Work for Motor Trend, a magazine about the automobile industry. Looking at a data set of a collection of cars, they are interested in exploring the relationship between a set of variables and miles per gallon (MPG) (outcome). They are particularly interested in the following two questions:
“Is an automatic or manual transmission better for MPG” “Quantify the MPG difference between automatic and manual transmissions”
Attending to the data obtain by Motor Trend US, Cars with manual transmission perform better (higher mpg) than cars with automatic transmission for cars weighting less than 2,800lb. When the cars weight more than this value, the auto transmission offers better mpg figures Manual Cars have lower mpg than automatic cars for weight up to 2,800 lb
The data set has: 32 Cars and eleven variables The data used has been the mtcars dataset available in R : * mpg Miles/(US) gallon * cyl Number of cylinders * disp Displacement (cu.in.) * hp Gross horsepower * drat Rear axle ratio * wt Weight (lb/1000) * qsec 1/4 mile time * vs V/S * am Transmission (0 = automatic, 1 = manual) * gear Number of forward gears * carb Number of carburetors ##Let’s take a look at the first rows of our data set.

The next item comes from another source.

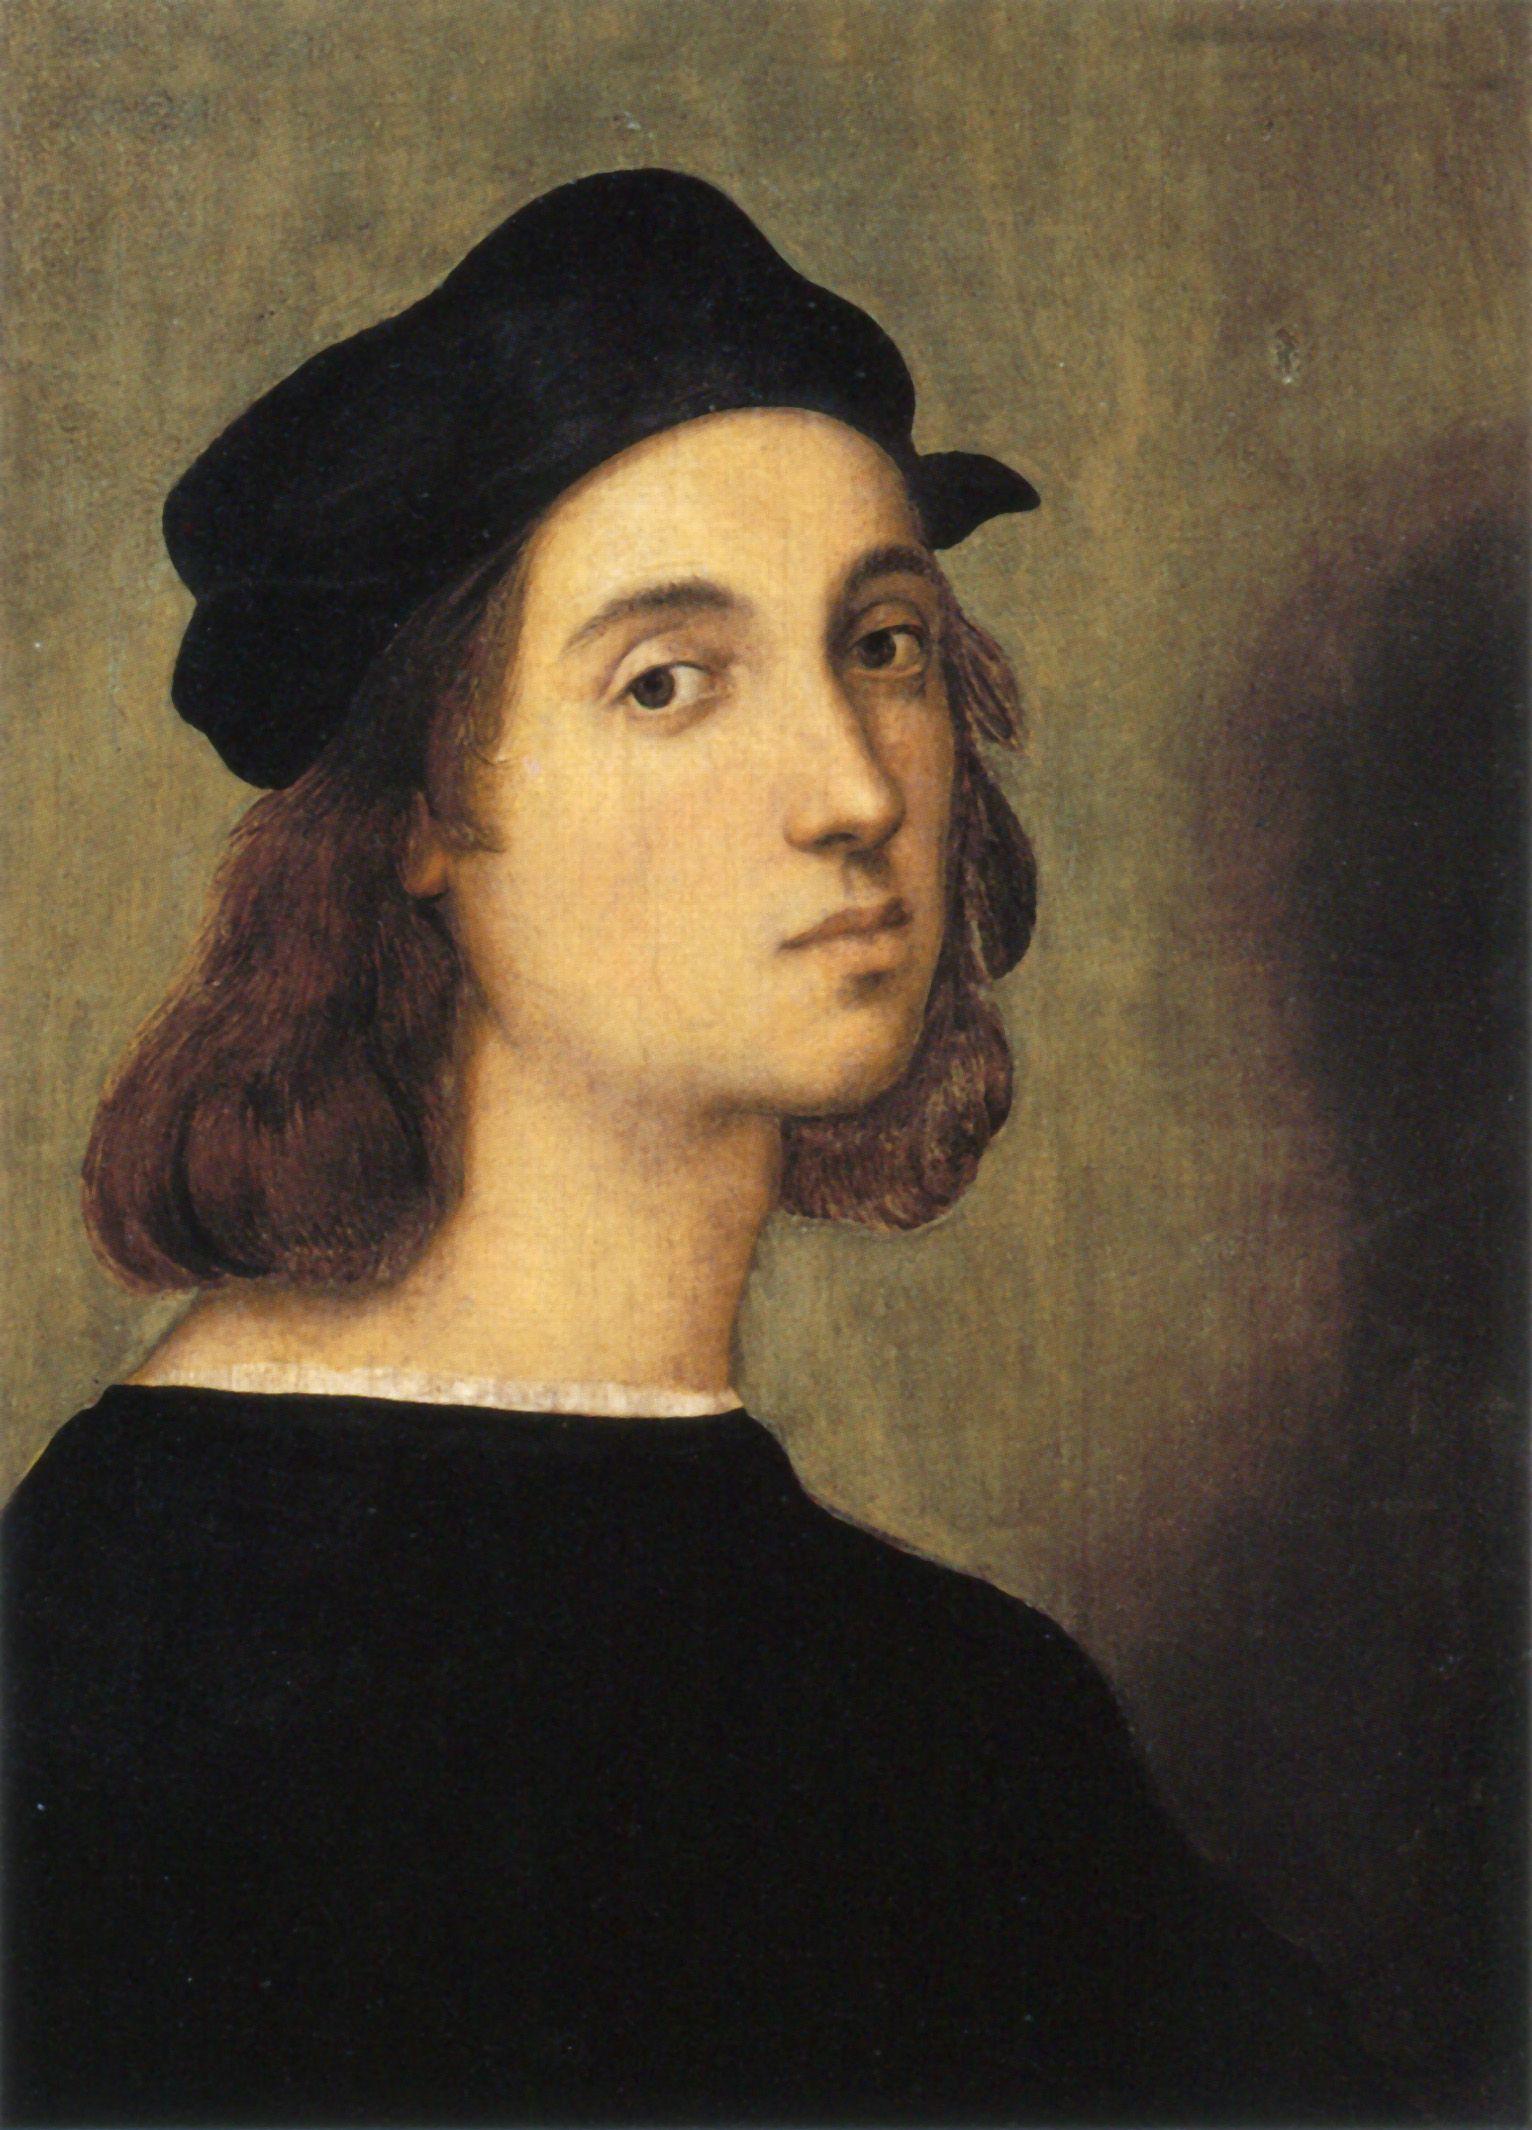 RAPHAEL Hailed as the greatest painter of the Renaissance

mpg cyl disp hp drat wt qsec vs am gear carb
Mazda RX4 21.0 6 160 110 3.90 2.620 16.46 0 1 4 4
Mazda RX4 Wag 21.0 6 160 110 3.90 2.875 17.02 0 1 4 4
Datsun 710 22.8 4 108 93 3.85 2.320 18.61 1 1 4 1
Hornet 4 Drive 21.4 6 258 110 3.08 3.215 19.44 1 0 3 1
Hornet Sportabout 18.7 8 360 175 3.15 3.440 17.02 0 0 3 2
Valiant 18.1 6 225 105 2.76 3.460 20.22 1 0 3 1
To answer this project’s questions, we will use linear models to quantify the relationship between MPG variable, and the rest. And we will look for the best model fit in the subsequent regression analysis section.
Taking a look at how the MPG variable of interest is distributed (Figure 1 in the appendix), we can see that it kind of fits a normal distribution. The lack of precission for this comparison can be due to the small sample size of only 32 observations. Anyways, multiple linear regression assumes that the residuals are normally distributed, so we will check this assumption once we have the best model fit for this project.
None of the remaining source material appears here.